Capri contracted Lyme disease in May 2011. We never saw a tick but we saw the bull’s-eye rash. We were camping when her dad’s friend pointed out the rash. I actually think the tick bite happened at our house and not while camping. She had been itching that spot for a week. We live in a wooded area and she played outside a lot. She was extremely fatigued while camping, but I just thought that was from the amount of activity and fun she was having. After our camping trip I made an appointment with the pediatrician who put her on several weeks of an antibiotic. We never got a Lyme test since the bull’s-eye rash is the clinical diagnosis. She was too young for doxycycline so she was put on amoxicillin. In the meantime a friend of mine from church had recently been diagnosed with Lyme disease. She was seeing one of the top Lyme doctors in the country and recommended him to us. We managed to get an appointment when the antibiotic treatment from the pediatrician was almost over. We started more aggressive antibiotics and were told it could take approximately a year for the treatment to work.
In the beginning she had so many symptoms – extreme fatigue, joint pain, headaches that felt like ants were crawling in her head, shooting pains, sharp pains, muscle weakness. When first diagnosed, she only had a few more weeks of school (first grade) left in the year. I had to really encourage her to push through and just finish the school year. She had already missed many days of school due to strep throat. Then in her 2nd grade year she missed A LOT of school. I had many meetings with her teacher and school nurse. Though they were compassionate, I don’t think they truly understood. She made good progress with our Lyme doctor that first year. Then in 3rd grade she hit a plateau. She still had severe headaches and sometimes joint pain. She didn’t get worse but didn’t get better throughout third and fourth grade. By fifth grade the headaches got increasingly worse and she had many bad days. Then she hit an all time low when she lost her ability to walk. She completely lost control and feeling in her legs. She needed my help to get around. I had been thinking about switching doctors for over a year. My cousin recommended a doctor in my area. Then a mutual friend, who had a daughter with Lyme disease close to Capri’s age, recommended the same doctor.
When Capri lost her ability to walk, my friend asked me to come to her daughter’s appointment and just sit in. I loved the new doctor. She spent an entire hour talking to my friend and her daughter. They had someone draw blood right there in office and they had an IV area. Lyme doctors are expensive so switching is a big deal and requires lots of thought and prayer. I decided to make the switch and my daughter loved it. Our new doctor was more hands on and more into detoxing, which I think Capri needed. The doctor wanted to see us every 3 weeks. In the beginning she wanted us to get IV’s twice a week. This was very costly. We also ended up getting a PICC line. Capri was diagnosed with POTS and she started seeing a heart doctor and getting many tests. This was also very costly. We drained our savings account. We had several family members help us financially. We reached the point where the family member, who was the biggest financial supporter, told us that he could not keep giving us money. Then the LymeLight Foundation grant came along just at the right time. We are so thankful!
We have been seeing the new Lyme doctor for three years now. Along with her other issues, Capri was diagnosed with a mold allergy. We treated our house and our doctor treated Capri. Capri is getting weekly IV’s. She recently had her tonsils removed. Our doctor thinks an infection was hiding in the tonsils, and removing them would help her have a break through with her healing.

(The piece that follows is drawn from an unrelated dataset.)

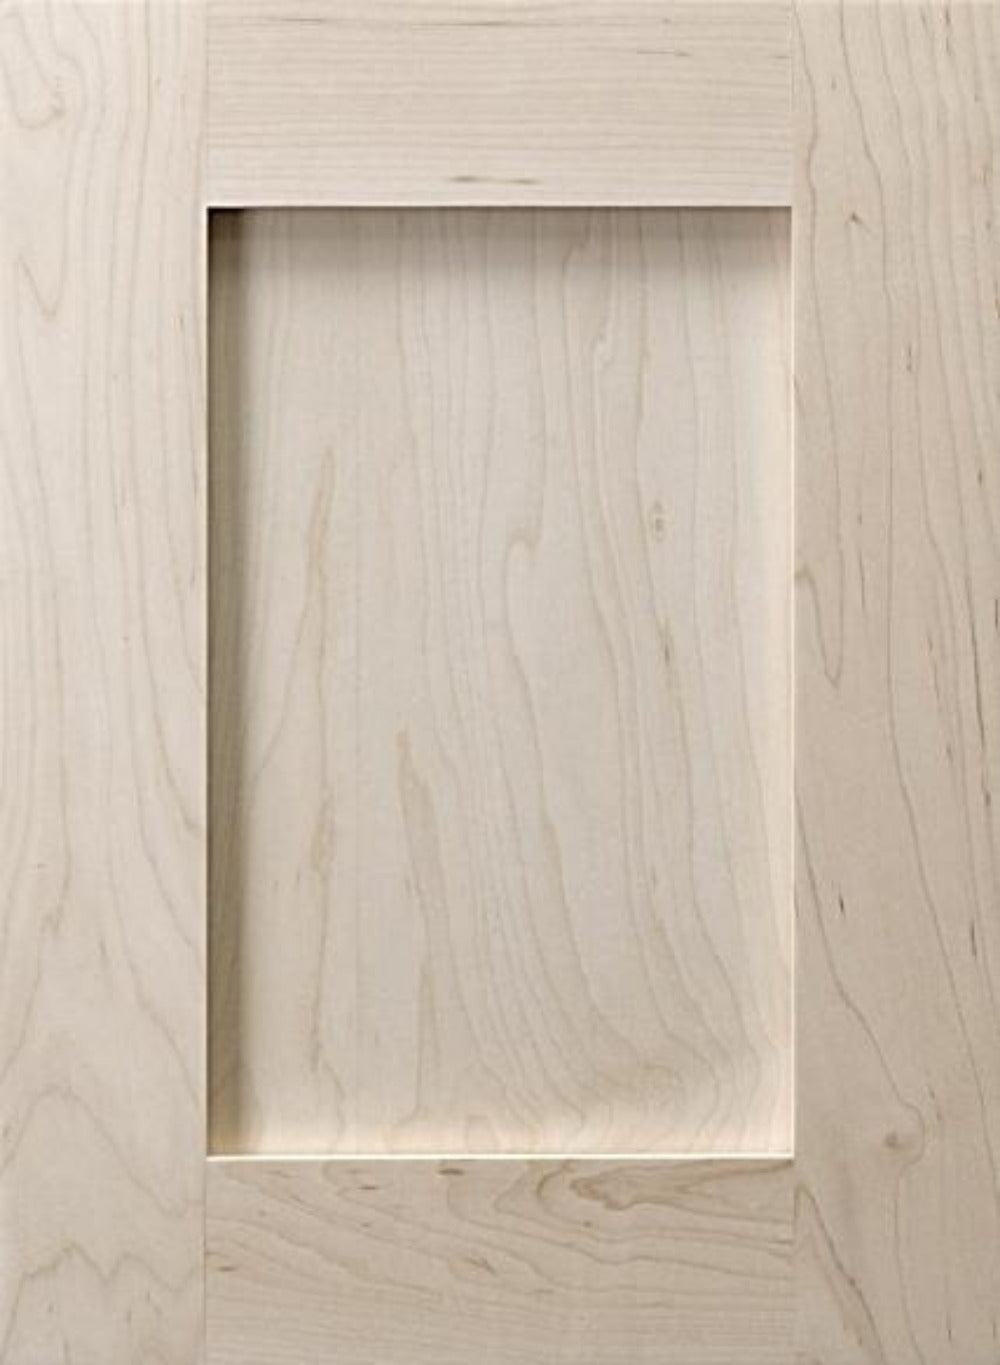 Wooden Custom Cabinet Doors Receding
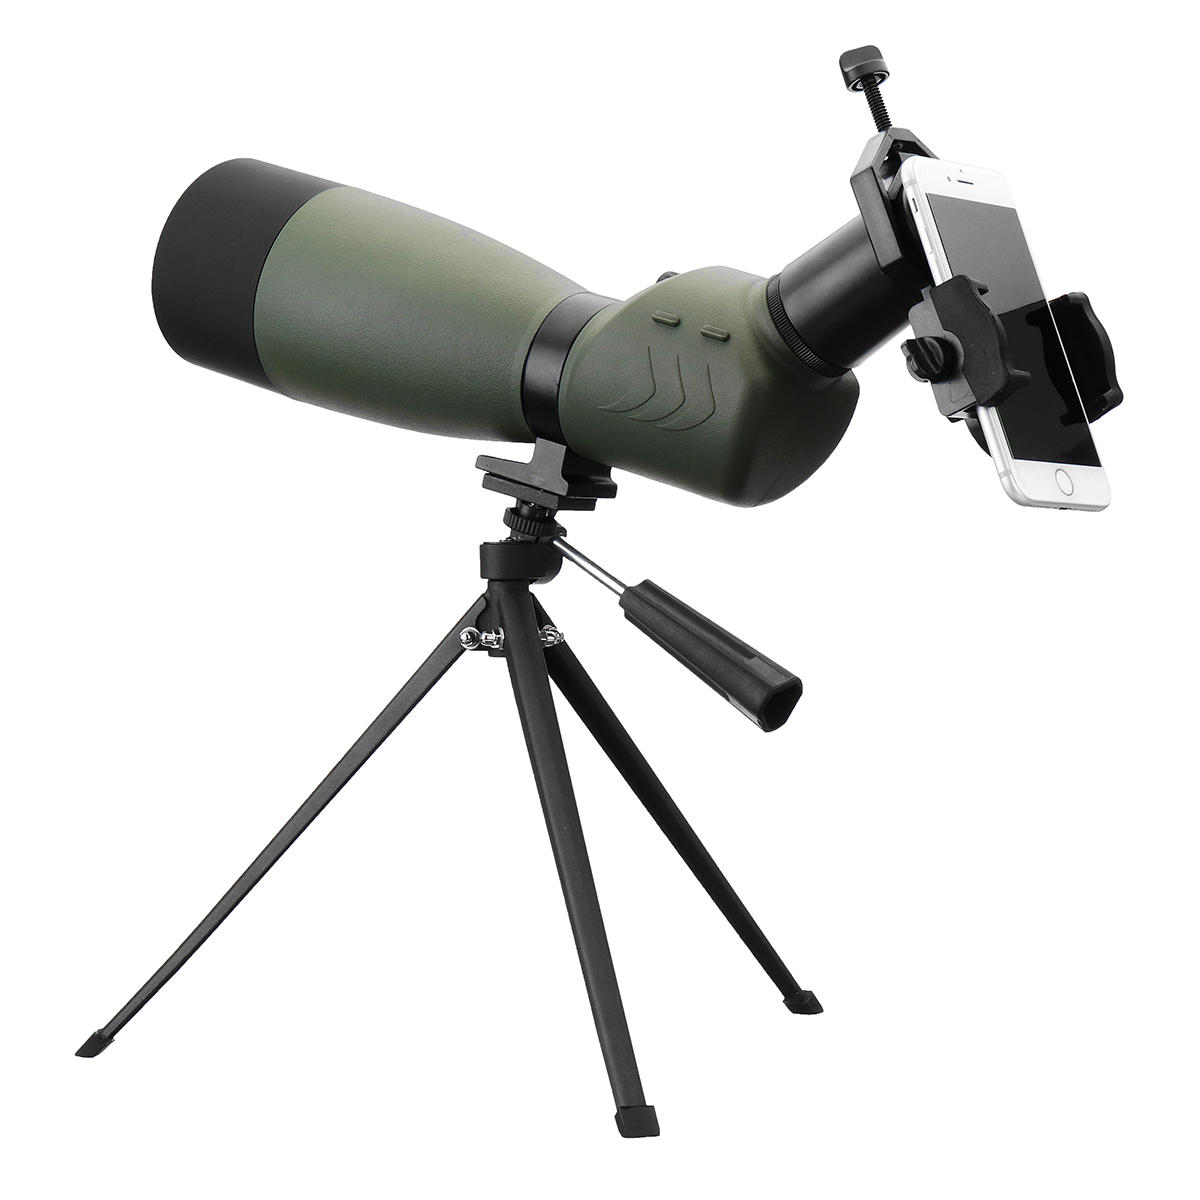 Télescope monoculaire HD optique 25-75x70 pour l'observation des oiseaux en extérieur avec trépied et support pour téléphone

Capri is doing better. She’s continuing to be treated for a mold fungus. Our doctor has cut her back from seeing her every three weeks to every four. She has seen much progress and we are optimistic. She’s still doing weekly IV’s, seeing a heart doctor for her POTS, and an ENT about her tonsils. We are hopeful that she will get 100% better. We have seen so much progress in the past year since seeing this new doctor. We could not have done it without LymeLight. Thank you.